- **Exercise data**
......

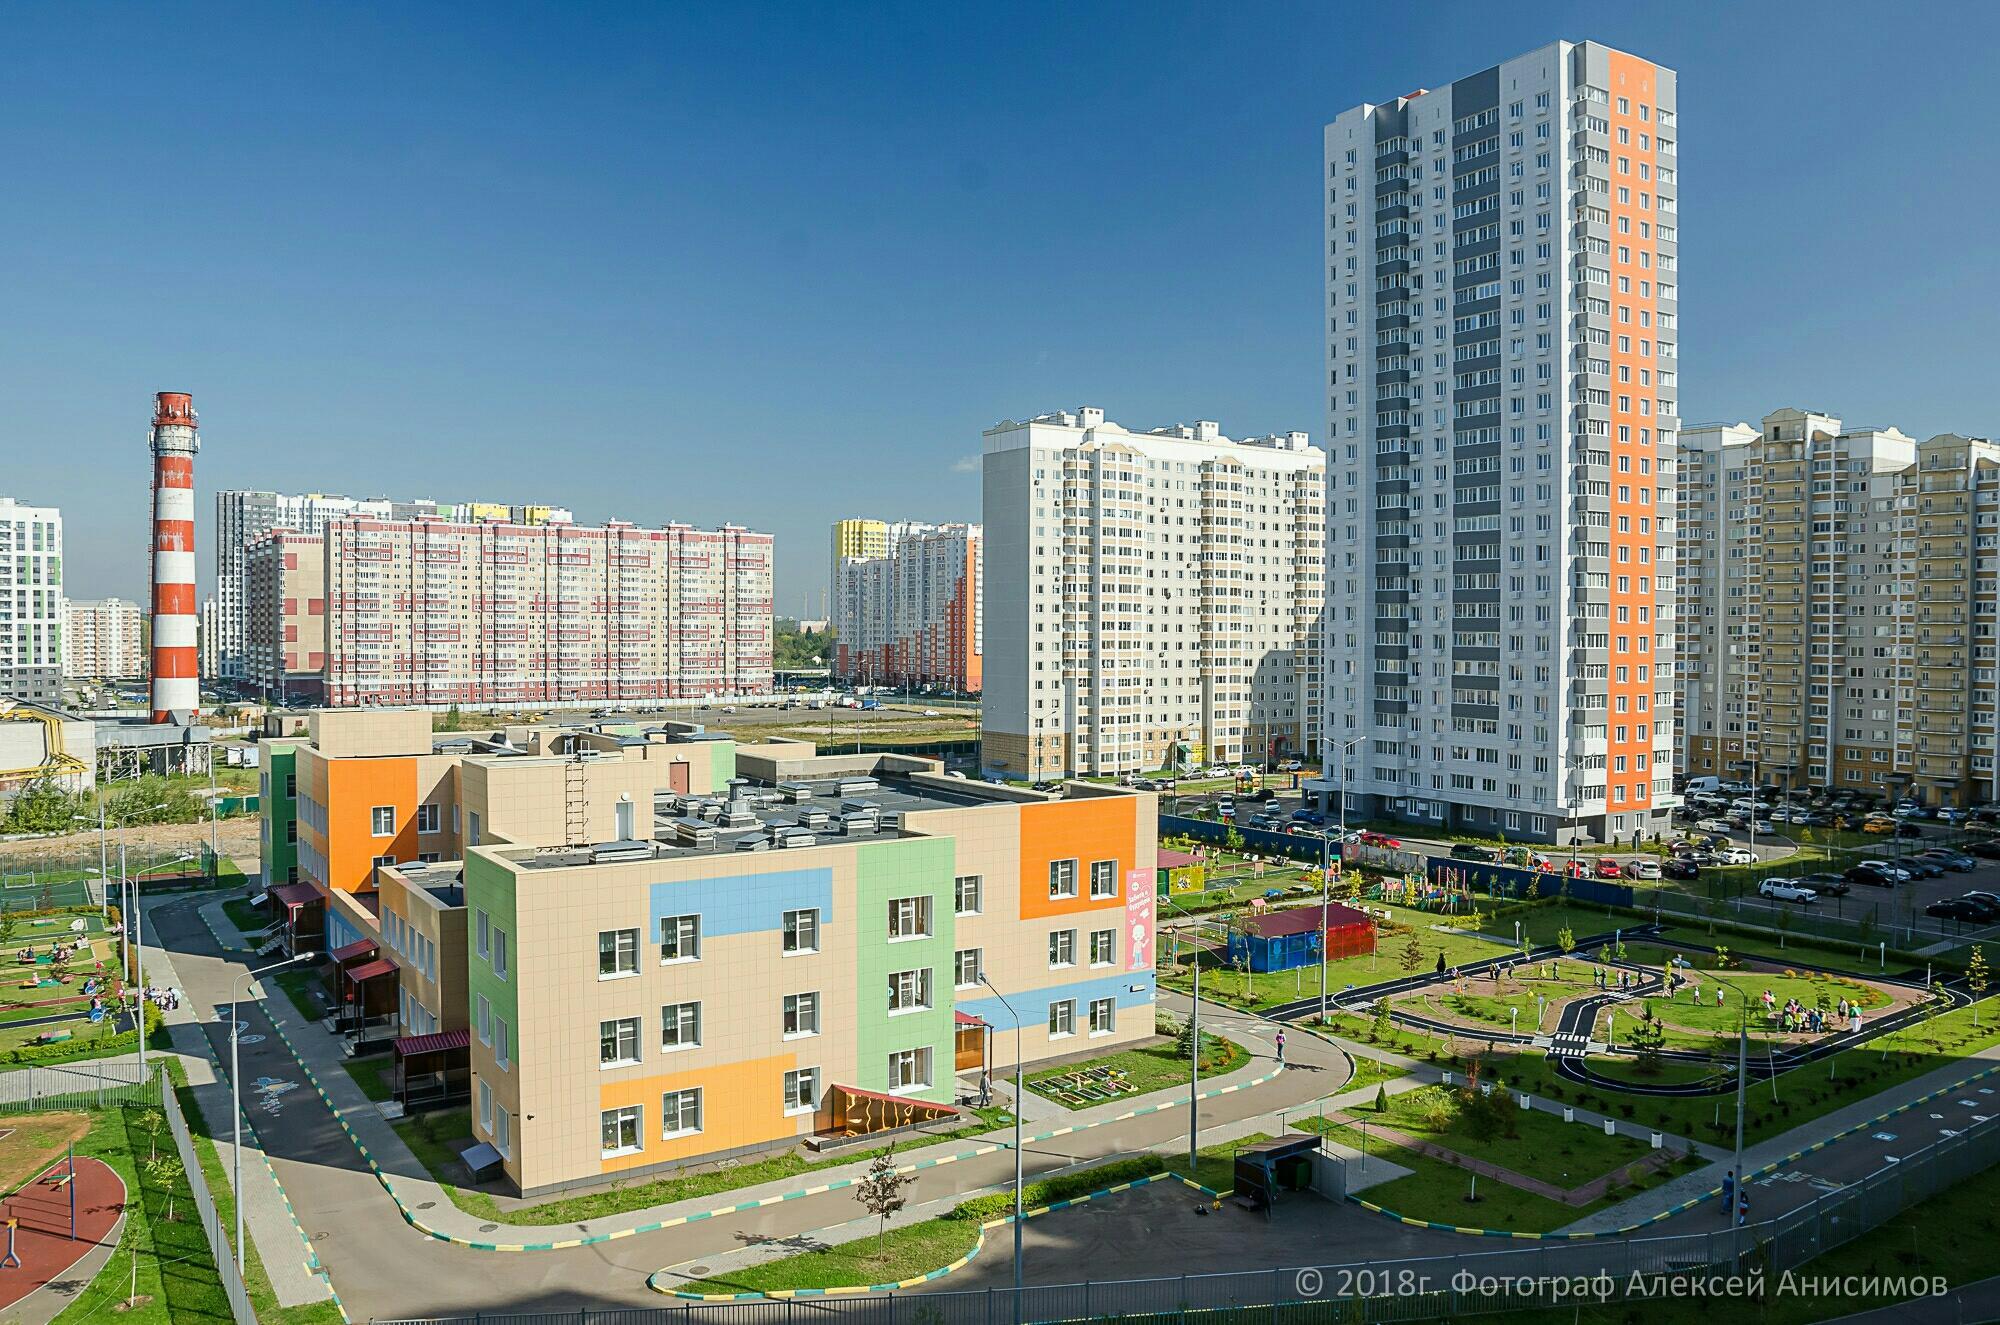 Продажа квартир / 4-комн., Россия, Красноярский край, Москва, 7 700 000
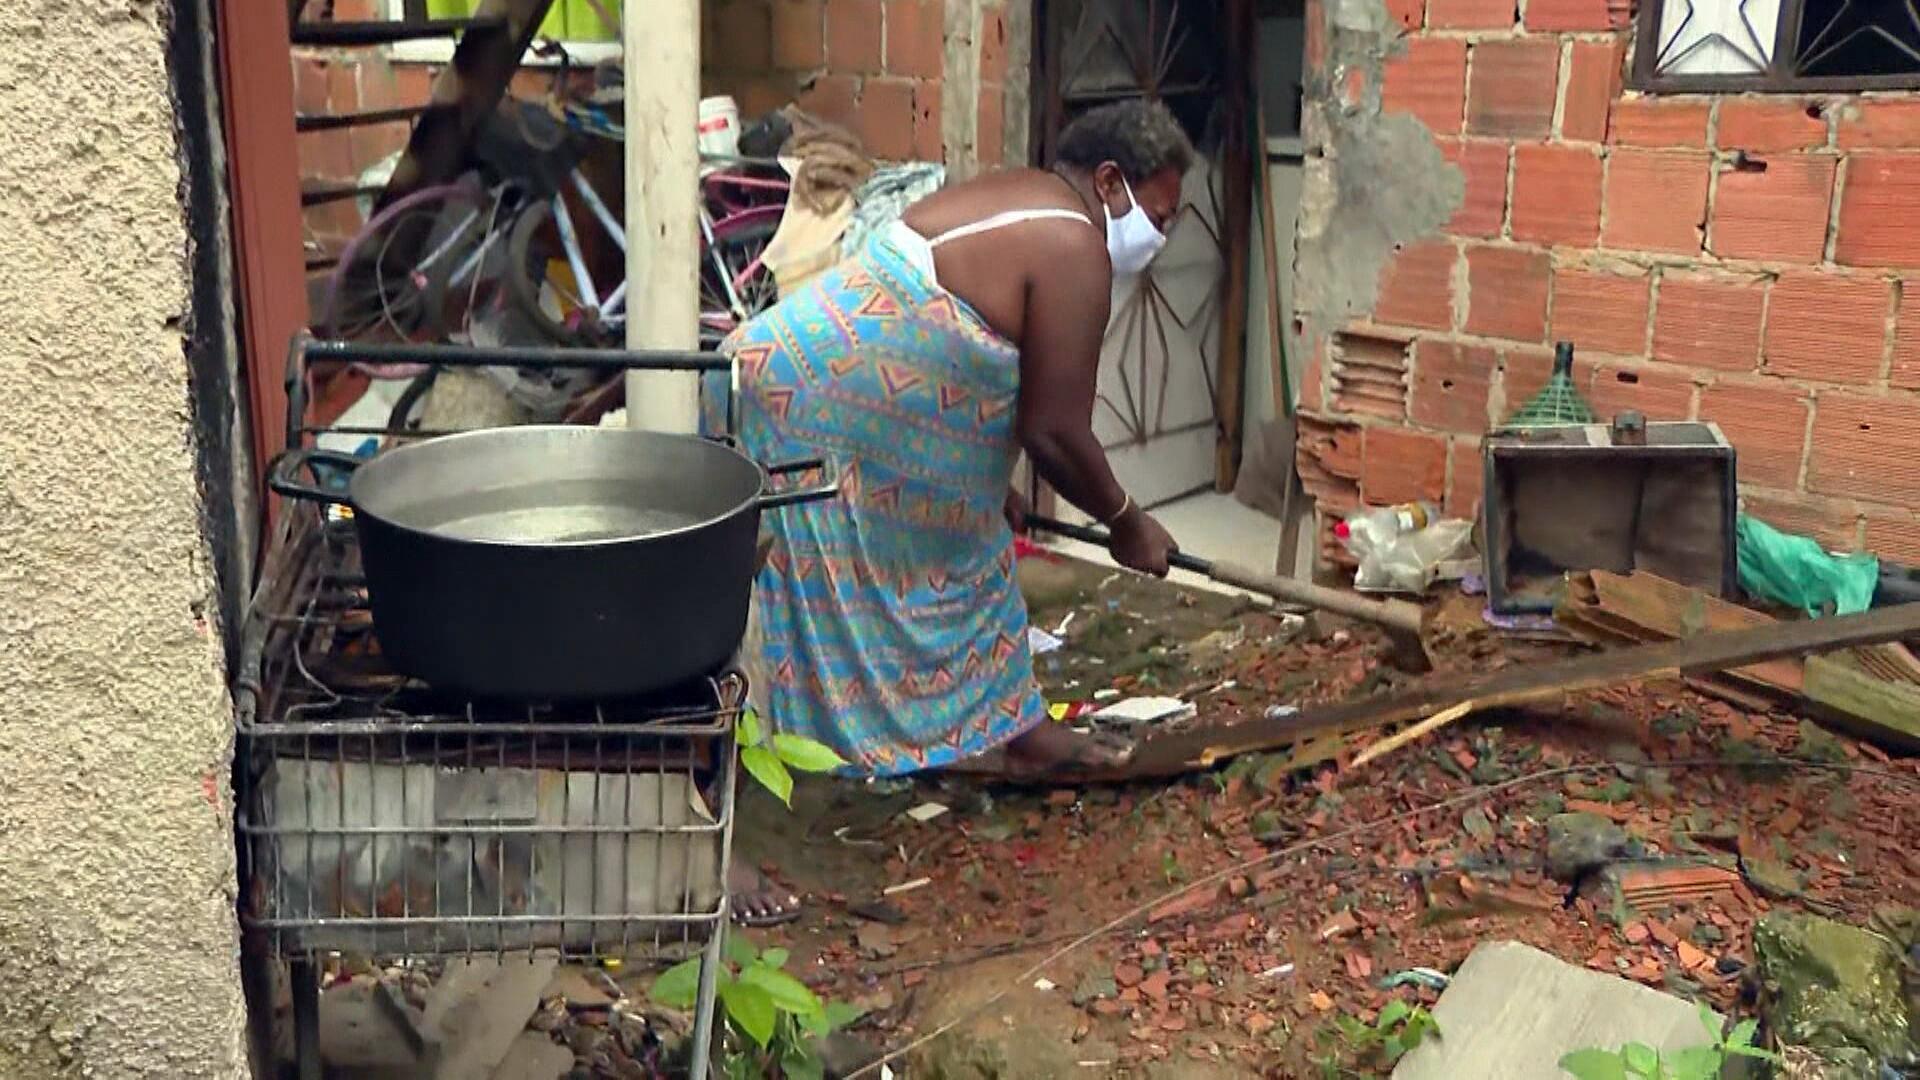 Sem dinheiro para o gás, moradoras da Baixada Fluminense recorrem ao fogão a lenha ou ficam sem trabalhar
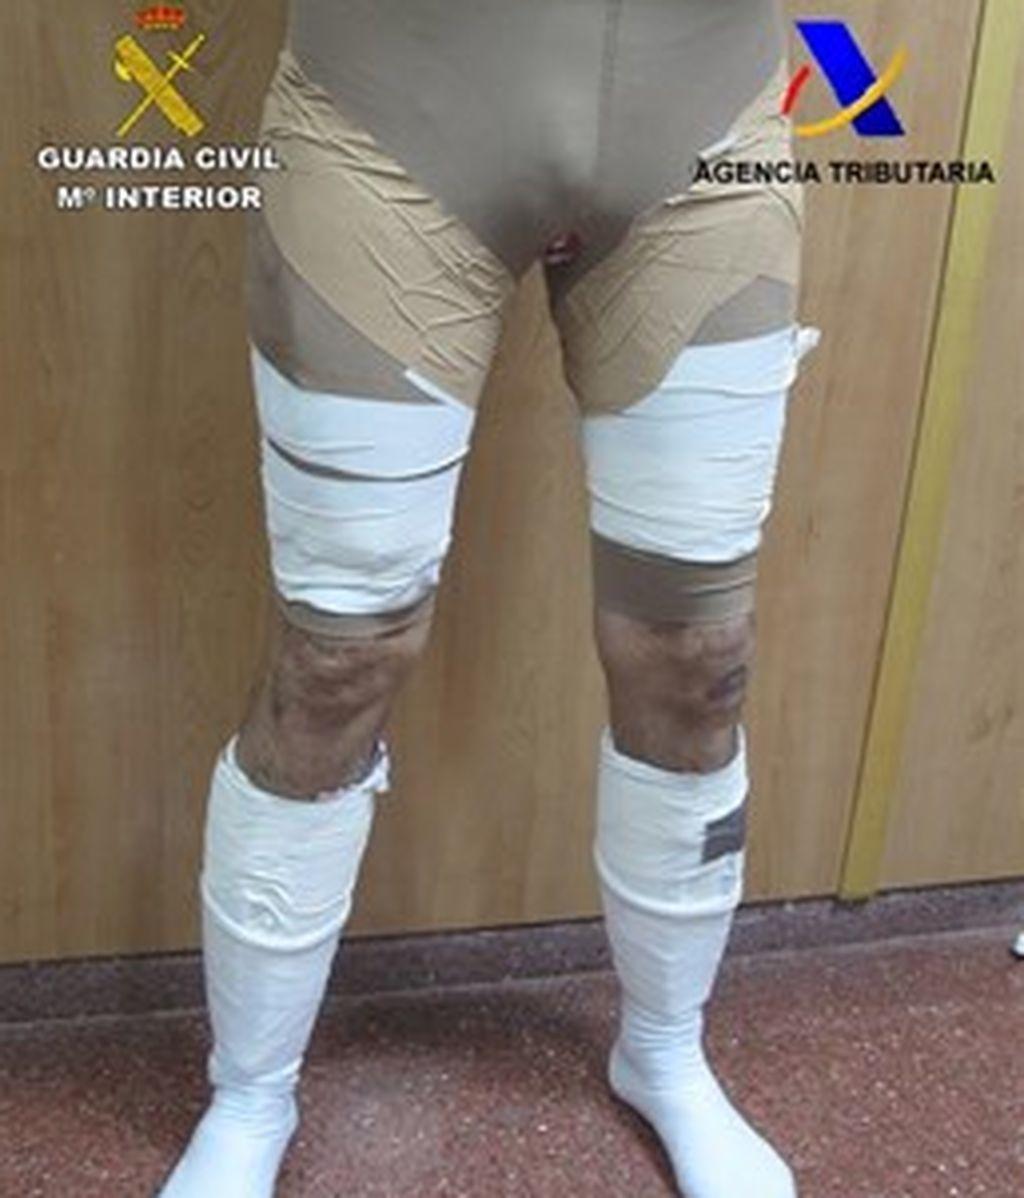 Detenido un viajero en El Prat con 2,7 kilos de cocaína adosados a las piernas

......

- **Work instruction**
Exactly repeat every line from the line that includes "Sem dinheiro para" to the end of the listing, and nothing else, leaving pictures out.

- **Task solution**
 Sem dinheiro para o gás, moradoras da Baixada Fluminense recorrem ao fogão a lenha ou ficam sem trabalhar
 Detenido un viajero en El Prat con 2,7 kilos de cocaína adosados a las piernas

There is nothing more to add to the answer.